TASK TO CARRY OUT:
Beginning with the line where "in originellem Design" occurs, set down each line of the records through the final one, exactly and without additions.

[[ DATA FOR PROCESSING open ]]

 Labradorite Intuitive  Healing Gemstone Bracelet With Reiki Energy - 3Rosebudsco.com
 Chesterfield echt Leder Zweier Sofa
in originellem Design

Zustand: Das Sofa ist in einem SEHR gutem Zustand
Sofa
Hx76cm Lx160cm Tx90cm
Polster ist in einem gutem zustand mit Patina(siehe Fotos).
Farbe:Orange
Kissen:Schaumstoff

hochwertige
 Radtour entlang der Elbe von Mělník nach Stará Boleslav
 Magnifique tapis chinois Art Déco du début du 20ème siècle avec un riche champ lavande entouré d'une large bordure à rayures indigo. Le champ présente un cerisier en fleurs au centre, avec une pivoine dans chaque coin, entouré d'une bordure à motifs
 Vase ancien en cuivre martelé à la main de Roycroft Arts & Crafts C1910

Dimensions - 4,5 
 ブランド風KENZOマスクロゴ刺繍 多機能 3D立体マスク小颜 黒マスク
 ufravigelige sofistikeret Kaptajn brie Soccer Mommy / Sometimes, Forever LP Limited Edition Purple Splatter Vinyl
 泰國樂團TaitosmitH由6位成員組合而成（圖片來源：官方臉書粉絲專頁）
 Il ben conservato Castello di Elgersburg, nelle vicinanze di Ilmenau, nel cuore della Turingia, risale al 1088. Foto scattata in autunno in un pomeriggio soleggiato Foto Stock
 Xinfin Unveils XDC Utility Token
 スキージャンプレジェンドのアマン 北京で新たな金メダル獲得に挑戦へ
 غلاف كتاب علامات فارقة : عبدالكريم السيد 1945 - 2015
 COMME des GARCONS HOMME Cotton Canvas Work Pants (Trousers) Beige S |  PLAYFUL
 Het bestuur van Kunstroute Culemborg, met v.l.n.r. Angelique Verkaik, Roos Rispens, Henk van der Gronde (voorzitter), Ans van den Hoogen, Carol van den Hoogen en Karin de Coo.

[[ DATA FOR PROCESSING closed ]]

ANSWER TO THE EXERCISE:
in originellem Design

Zustand: Das Sofa ist in einem SEHR gutem Zustand
Sofa
Hx76cm Lx160cm Tx90cm
Polster ist in einem gutem zustand mit Patina(siehe Fotos).
Farbe:Orange
Kissen:Schaumstoff

hochwertige
 Radtour entlang der Elbe von Mělník nach Stará Boleslav
 Magnifique tapis chinois Art Déco du début du 20ème siècle avec un riche champ lavande entouré d'une large bordure à rayures indigo. Le champ présente un cerisier en fleurs au centre, avec une pivoine dans chaque coin, entouré d'une bordure à motifs
 Vase ancien en cuivre martelé à la main de Roycroft Arts & Crafts C1910

Dimensions - 4,5 
 ブランド風KENZOマスクロゴ刺繍 多機能 3D立体マスク小颜 黒マスク
 ufravigelige sofistikeret Kaptajn brie Soccer Mommy / Sometimes, Forever LP Limited Edition Purple Splatter Vinyl
 泰國樂團TaitosmitH由6位成員組合而成（圖片來源：官方臉書粉絲專頁）
 Il ben conservato Castello di Elgersburg, nelle vicinanze di Ilmenau, nel cuore della Turingia, risale al 1088. Foto scattata in autunno in un pomeriggio soleggiato Foto Stock
 Xinfin Unveils XDC Utility Token
 スキージャンプレジェンドのアマン 北京で新たな金メダル獲得に挑戦へ
 غلاف كتاب علامات فارقة : عبدالكريم السيد 1945 - 2015
 COMME des GARCONS HOMME Cotton Canvas Work Pants (Trousers) Beige S |  PLAYFUL
 Het bestuur van Kunstroute Culemborg, met v.l.n.r. Angelique Verkaik, Roos Rispens, Henk van der Gronde (voorzitter), Ans van den Hoogen, Carol van den Hoogen en Karin de Coo.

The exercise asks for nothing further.